Kids Eat Right Month, an initiative of the Academy Foundation's Kids Eat Right program, is celebrated each August and emphasizes the importance of families knowing how to shop smart, cook healthy and eat right. It features expert advice from registered dietitian nutritionists. The start of the new school year is the perfect time to reinforce healthy eating habits not only for children but also the entire family. It's important that you have the proper tools to create healthy routines-adequate sleep, nutrition and exercise.
Try to get in bed around the same time each night to create good sleep habits. Make sure you are going to bed early enough for you to get 8-10 hours of sleep.
Research shows that individuals who don’t eat breakfast have a harder time concentrating and are less productive and less successful at school and work. Eat foods low in added sugar. For example, whole grains which are high in fiber, lean proteins, and healthy fats are good choices for breakfast. For Example: 1 slice whole grain bread with avocado or nut butter and a scrambled or fried egg and a side of berries; my favorite is an egg in the hole topped with lean breakfast meat and avocado and a side of berries.
Include lean protein, fruit & veggies, whole grains and dairy in your and your child’s lunches. Lunch is a very important meal to keep energy levels up so make sure you are packing or picking meals full of nutrients to keep you and your children focused throughout the afternoon. For Example: Turkey with low fat cheese on whole grain bread, a handful of strawberries, baby carrots and hummus; you could even turn your child’s lunch into a salad jar for yourself by swapping the bread for fresh lettuce!
Make time to enjoy a healthy meal and time together as a family. Research indicates that families who eat dinner together have a stronger bond. Children also have higher selfconfidence and perform better at school. Parents are key role models for their children. If you are eating healthy your children will follow and eat healthier as well, allowing them to create healthier habits at an early age. Prep your weekly meals ahead of time, use meal prep short cuts (pre-chopped vegetables for frozen vegetables or grains) and make use of your crockpot if your family has a busy week with activities. Eating a healthy dinner no longer means spending hours in the kitchen. Many healthy meals can be prepped in 30 minutes or less! For Example: Turkey burger with light cheese on a whole wheat bun, a side salad and baked sweet potato fries.

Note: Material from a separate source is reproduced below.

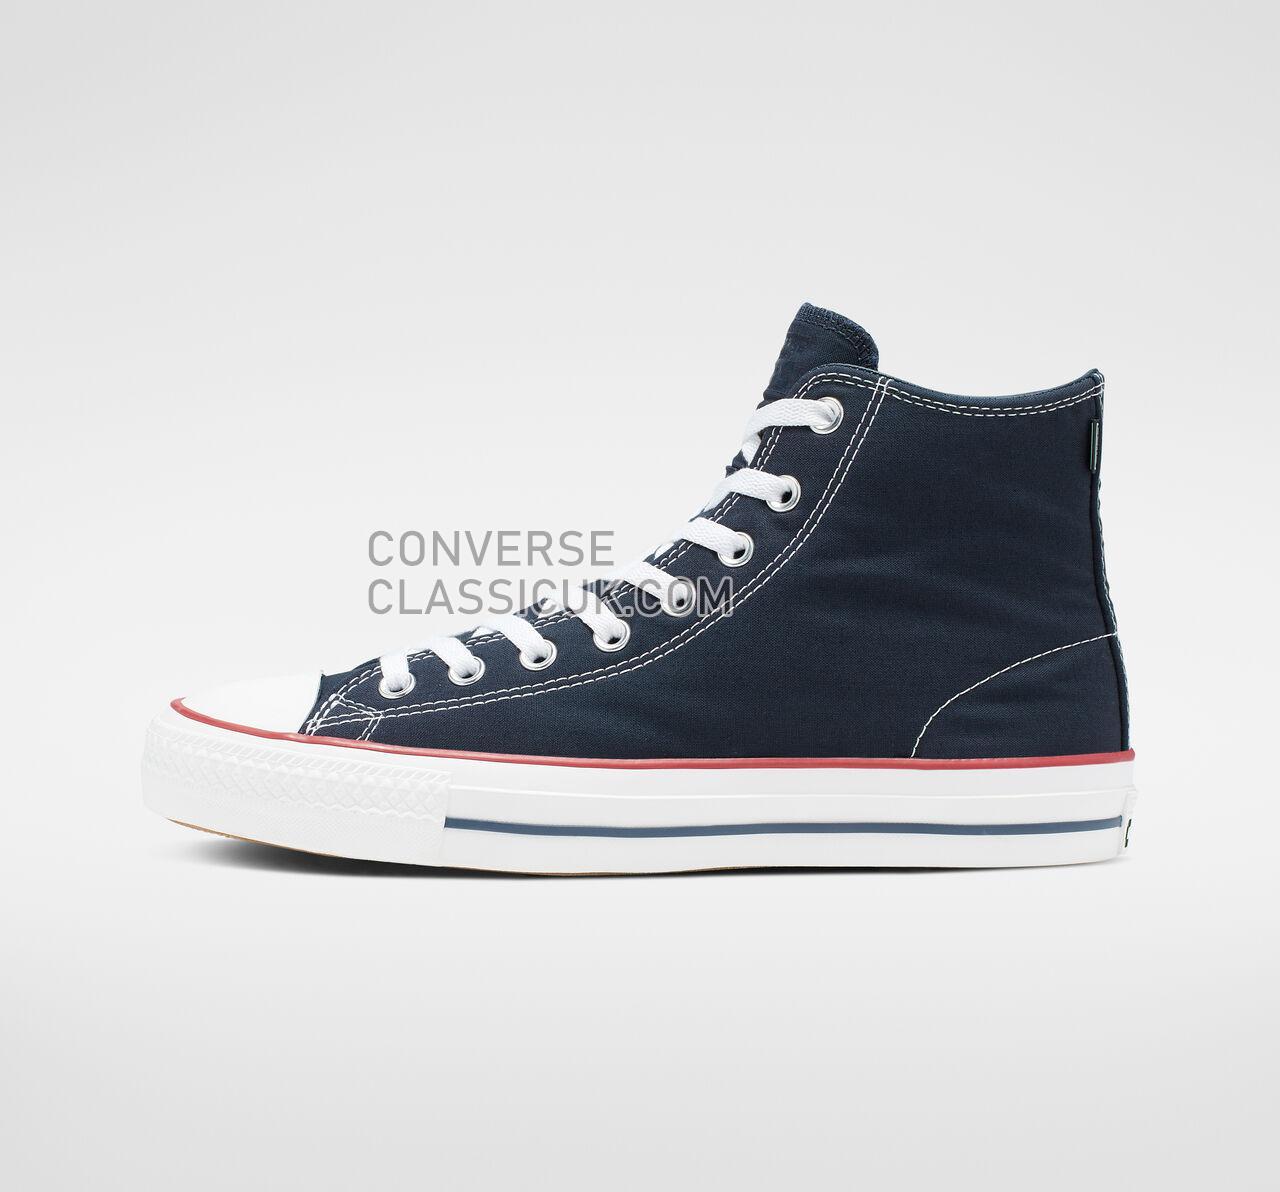 Converse CTAS Pro Archive Prints High Top Mens Womens Unisex 165338C Obsidian/White/Enamel Red Shoes

Regular physical activity is vital to strengthen muscle and bones, promote a healthy body weight, support learning, develop social skills, and build self-esteem. Make time to exercise, set reasonable goals and make it fun! Kids are encouraged to be active for 60 minutes per day. This is also a great way to spend quality time together as a family.
Make sure to check out www.Eatright.org for more information!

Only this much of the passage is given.